2) This is the "modern" approach, which is gaining more and more popularity. Designing the features is a crucial step in 1) and it requires good knowledge of your data. Now, by using a deep neural network, you can feed your raw data (the string) into the network, and let the network learn such "features" itself. This, however, requires a large amount of labeled training data, and a lot of processing power (GPUs).
LSTM networks are todays state-of-the-art in natural language processing and similar tasks. LSTMs would be well suited to your tasks, as the input can be of variable length.
tl;dr: Either design features yourself and use a classifier of your choice, or dive into deep neural networks and let a network learn both the features and the classification.
I have a audio data set and each of them has different length. There are some events in these audios, that I want to train and test but these events are placed randomly, plus the lengths are different, it is really hard to build a machine learning system with using that dataset. I thought fixing a default size of length and build a multilayer NN however, the length's of events are also different. Then I thought about using CNN, like it is used to recognise patterns or multiple humans on an image. The problem for that one is I am really struggling when I try to understand the audio file.
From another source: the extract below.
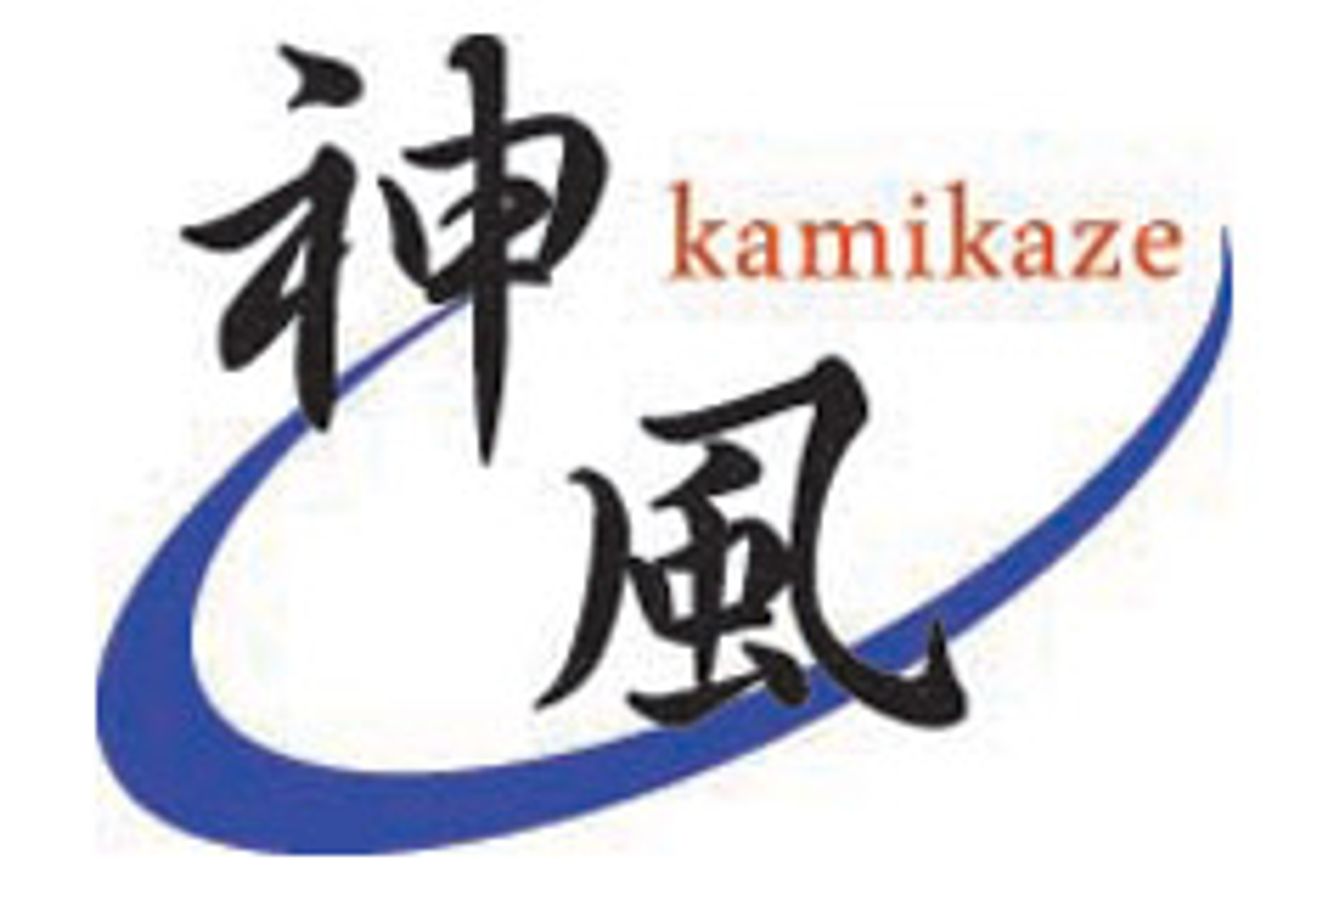 Kamikaze Entertainment

So, my questions, Is there anyone who can give me some tips about building a machine learning system that classifies different types of defined events with training itself on a dataset that has these events randomly(1 data contains more than 1 events and they are different from each other.) and each of them has different lenghts?
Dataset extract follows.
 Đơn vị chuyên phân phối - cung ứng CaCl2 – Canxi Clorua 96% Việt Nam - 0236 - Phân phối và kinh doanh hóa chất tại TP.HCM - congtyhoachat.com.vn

I will be so appreciated if anyone helps.
First, you need to annotate your events in the sound streams, i.e. specify bounds and labels for them.
Then, convert your sounds into sequences of feature vectors using signal framing. Typical choices are MFCCs or log-mel filtebank features (the latter corresponds to a spectrogram of a sound). Having done this, you will convert your sounds into sequences of fixed-size feature vectors that can be fed into a classifier. See this. for better explanation.
Since typical sounds have a longer duration than an analysis frame, you probably need to stack several contiguous feature vectors using sliding window and use these stacked frames as input to your NN.
Now you have a) input data and b) annotations for each window of analysis. So, you can try to train a DNN or a CNN or a RNN to predict a sound class for each window. This task is known as spotting. I suggest you to read Sainath, T. N., & Parada, C. (2015). Convolutional Neural Networks for Small-footprint Keyword Spotting. In Proceedings INTERSPEECH (pp. 1478–1482) and to follow its references for more details.
You can use a recurrent neural network (RNN).
https://www.tensorflow.org/versions/r0.12/tutorials/recurrent/index.html
The input data is a sequence and you can put a label in every sample of the time series.
For example a LSTM (a kind of RNN) is available in libraries like tensorflow.